Религиозные инсинуации, скандалы, оскорбления, вымогательство, долги – сплошь мелочи, если подумать; раздражители, казалось бы, слишком незначительные, чтобы толкнуть пятерых разумных людей на тяжкое преступление. Но, осмелюсь сказать, лишь став соучастником убийства, я понял, насколько сложным, ускользающим от понимания поступком оно может быть, насколько трудно порой его приписать единственному трагическому мотиву. Увязать его с подобным мотивом было бы довольно легко. Разумеется, он присутствовал. Однако инстинкт самосохранения вовсе не настолько силен, как принято считать. В конце концов, олицетворяемая Банни угроза не была сиюминутной – она неспешно надвигалась, тихо поспевала на слабом огоньке, и, по крайней мере в теории, можно было изыскать способы временно ее нейтрализовать или даже полностью предотвратить. Мне совсем не сложно представить, как мы стоим, в нужном месте в условленный час, и вдруг нас охватывает суматошный порыв все пересмотреть и, возможно, в последнюю минуту даровать гибельную для нас самих отсрочку. Страх за свою жизнь мог побудить нас подвести Банни к виселице и накинуть ему на шею петлю, но, для того чтобы сделать последний шаг и выбить из-под него табуретку, требовался более сильный стимул.
Банни, сам того не подозревая, своим поведением предоставил его нам. Я бы и рад сказать, что на содеянное меня подвигла некая неодолимая, фатальная причина. Но тем самым, думаю, я бы просто соврал. Это было бы обманом, если бы я попытался убедить вас, что в тот воскресный апрельский вечер мной владело что-то подобное.

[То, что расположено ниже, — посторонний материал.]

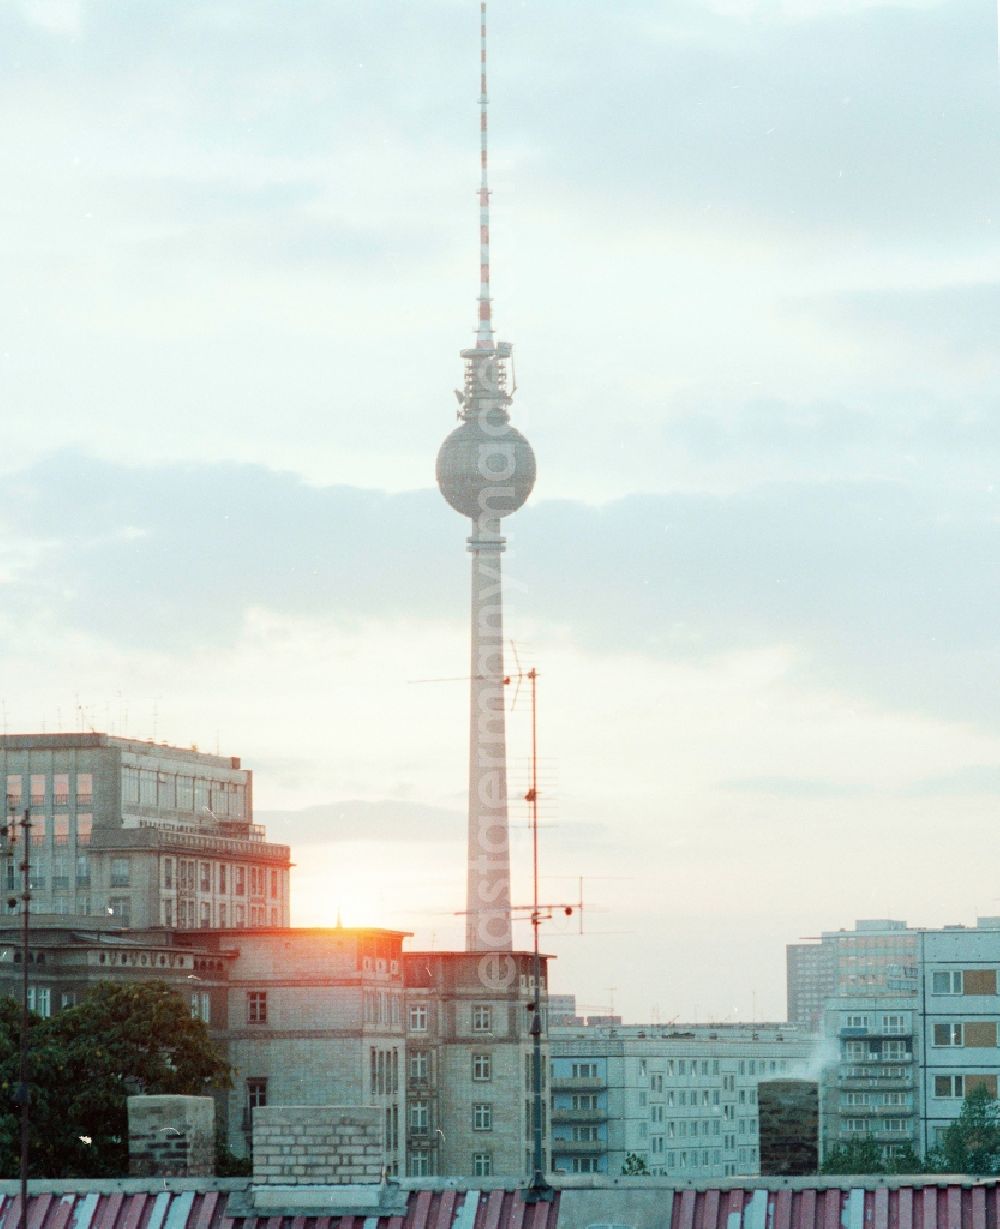 GDR photo archive: Berlin - Sunset with the TV Tower in Berlin, the former capital of the GDR, German Democratic Republic

Интересный вопрос: о чем я думал, глядя, как его глаза ползут на лоб в недоверчивом испуге («Да ладно, ребят, вы ж просто прикалываетесь?») перед тем, как спустя несколько секунд закрыться навсегда? Не о том, что помогаю друзьям, конечно же нет. Не о страхе, не о чувстве вины. Я думал о мелочах. Колкости, скользкие намеки, дежурные издевки. Сотни мелких, оставшихся без ответа унижений, копившихся во мне месяцами. О них-то я и думал, ни о чем другом. Только благодаря им я смог спокойно наблюдать за тем, как на один долгий миг он завис, отчаянно балансируя, на краю обрыва (руки молотят воздух, глаза бешено вращаются в орбитах – комик из немого кино, поскользнувшийся на банановой кожуре), прежде чем рухнуть в пустоту, навстречу собственной смерти.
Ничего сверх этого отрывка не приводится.